The proposed mosque would also overshadow the statues of the major figures of the republic represented on the Monument to the Republic in Taksim Square, Kalaycioglu said.
Taksim’s lack of religious connotations was “probably one of the reasons that it was favored by the republic as a modern urban space,” Fortna said. The plan to build a mosque in Taksim was therefore “highly controversial and something that those with a secular orientation in the city and the country itself would resist,” he said. “The other side would see it as a natural place to have a mosque.”
The term “secular” – most often understood in the West as referring to the separation of religion and government – was often applied to Turkey, Fortna said. “But in Turkey itself they use the French term ‘laïque.’ In Turkey you really have the situation that’s related to the founding of the republic - that the state will kind of control religion,” Fortna said. “So, for example, the Directorate of Religious Affairs is responsible for deciding the text that Muslim clerics can deliver in their Friday sermons. “
Kalaycioglu said the government also planned to demolish the Ataturk Cultural Center. They [Erdogan’s government] want to get rid of anything and everything to do with Ataturk,” he said. Kalaycioglu suggested that another example of this was the government’s proposal to close down Ataturk Airport – Istanbul’s main international hub – and build a new airport in the north. He said this would involve excavating a new channel between the Black Sea and the Sea of Marmara. “All this to get rid of the name of Ataturk. There’s a lot of ideological baggage.”
Fortna said Taksim had long being a contested space and plans to change it would always be likely to cause controversy. “Because it’s such a central location and because of its particular make-up and associations – whatever happens there will probably be heavily scrutinized and criticized,” he said.

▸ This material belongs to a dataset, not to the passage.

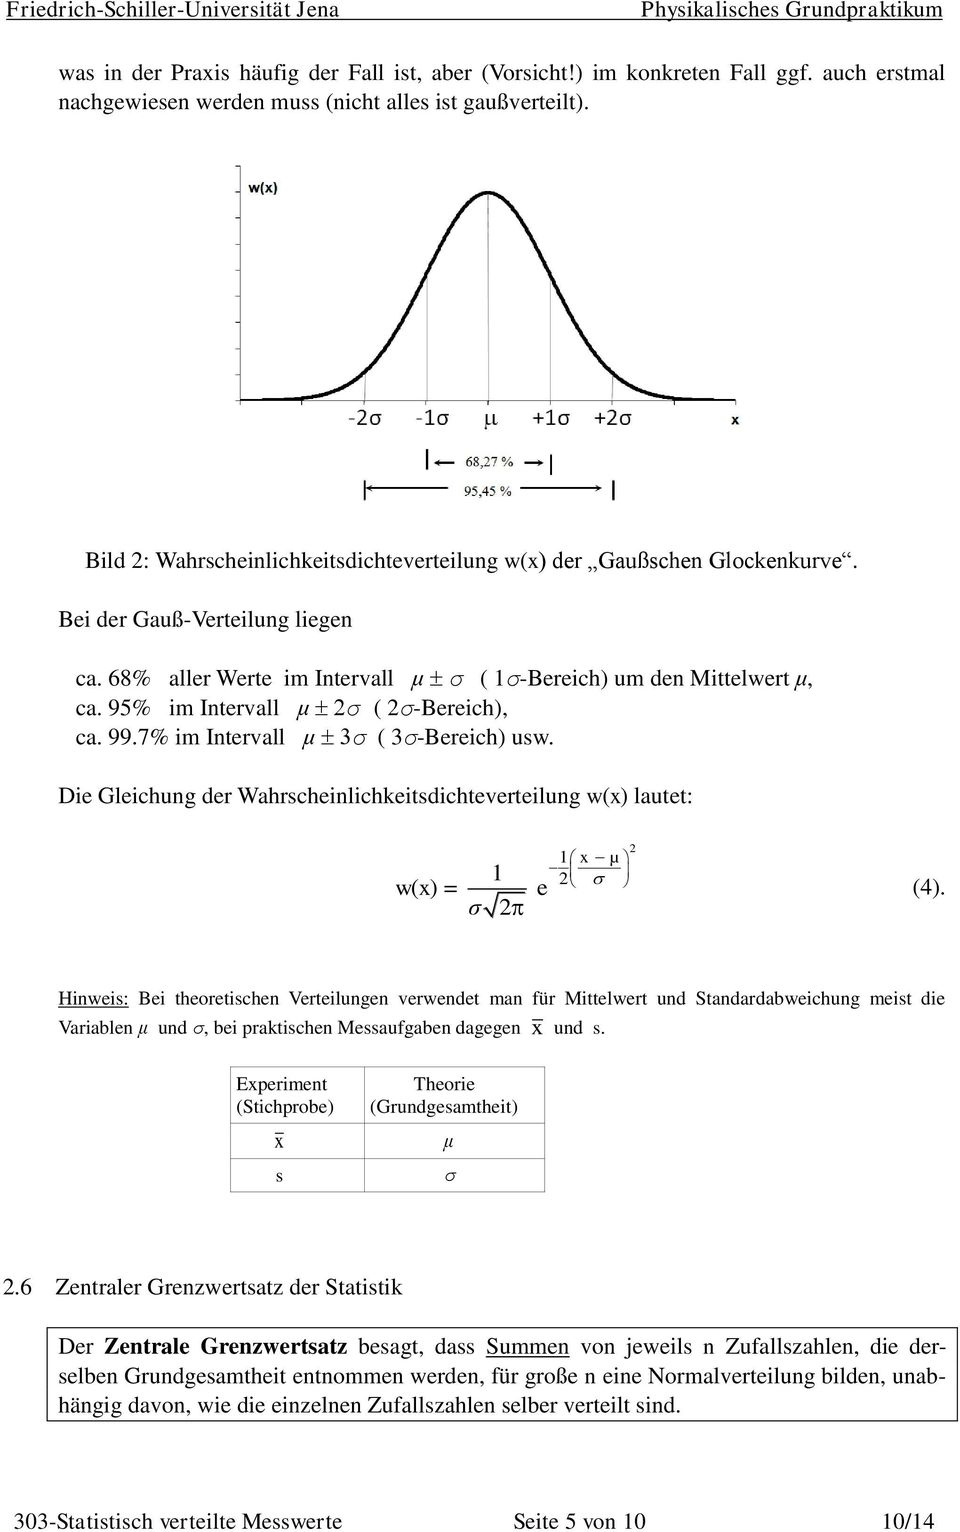 95% im Intervall μ σ ( 2σ-Bereich), ca. 99.7% im Intervall μ σ ( 3σ-Bereich) usw. Die Gleichung der Wahrscheinlichkeitsdichteverteilung w(x) lautet: 1 wx ( ) = e σ 2 1 x µ 2 2 (4).

“Taksim is a place where demonstrators habitually gather. There’s always a May Day protest for example. It’s a place where people would naturally gravitate – it’s one of the few places where there’s a fairly large open space in the city,” he said.
The current demonstrators have demanded Erdogan’s resignation, accusing his government of creeping authoritarianism, while the prime minister has said the protests are part of an attempt by opponents who lost to his AK Party to beat it “by other means.” “The issue of trees in Gezi Park thing is just the trigger,” he said on Monday.

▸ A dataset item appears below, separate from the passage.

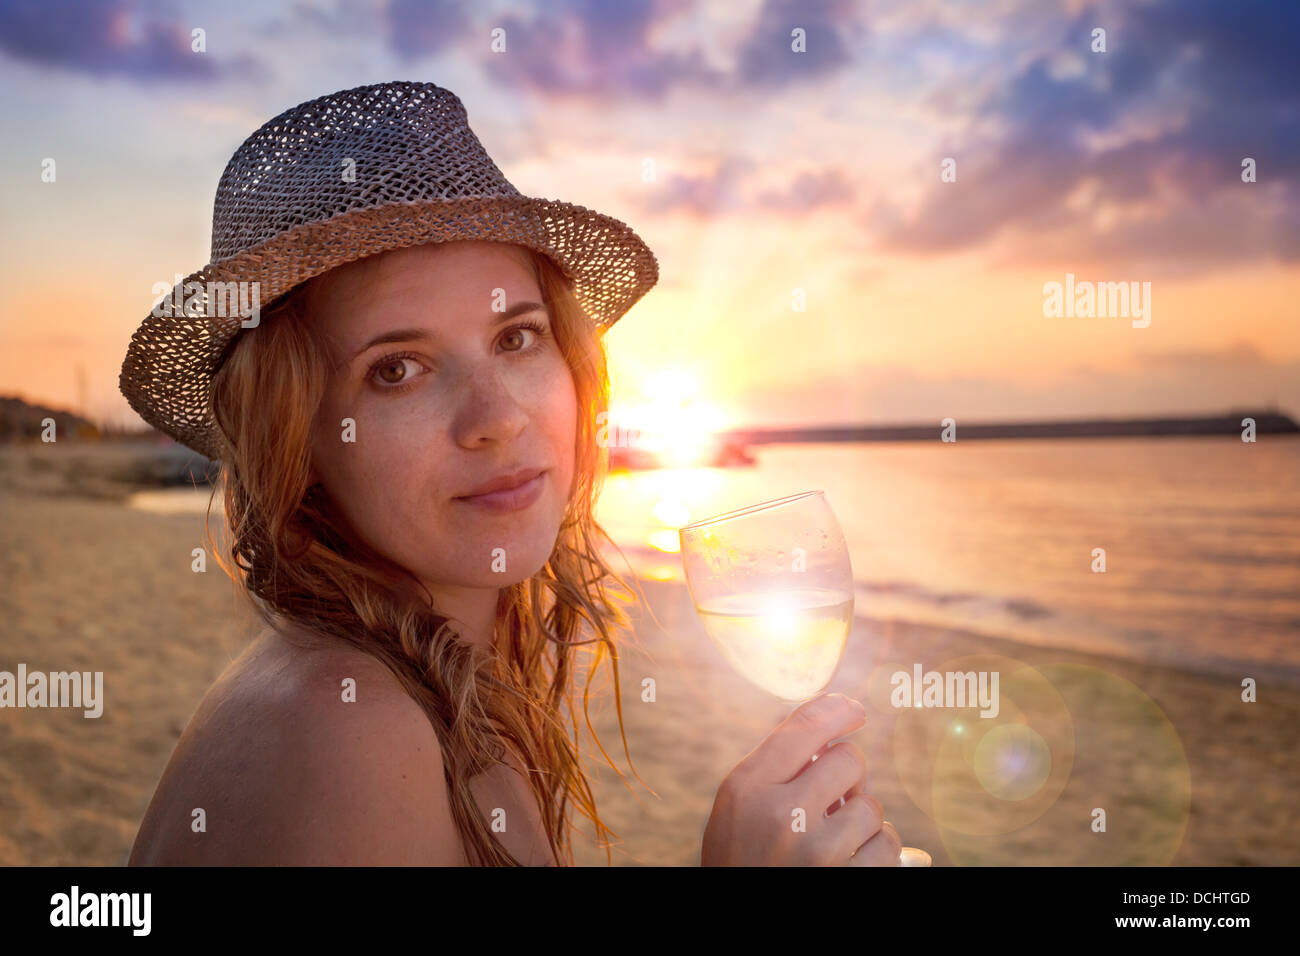 Persone collezione: bella signora in hat con un bicchiere di vino sulla spiaggia Foto Stock

Kalaycioglu said the number of protesters had surged after evidence emerged of a brutal police response to the initial Taksim demonstration. He said the government had “started to argue that it was just a group of marauders” but that a huge majority seemed to be ordinary citizens, from all ages and walks of life and the government had eventually realized this and pulled the police out of the scene.
In his interview with Amanpour, Cavusoglu – Erdogan’s deputy – acknowledged that police had been heavy-handed and said their actions would be investigated but insisted that the government represented the Turkish people. “At each election the people have been increasing their support for our government and our prime minister,” he said. “We are the democratic government and democratically elected parliament.”
But Kalaycioglu said the protests had spread spontaneously through Turkey, “motivated by the same theme.” The government was “jumping on freedom of expression and freedom of the press,” he said. “The big issue there is, is of course freedom of expression and to be treated as stakeholders – not as cockroaches. More is at stake than just Taksim Square.”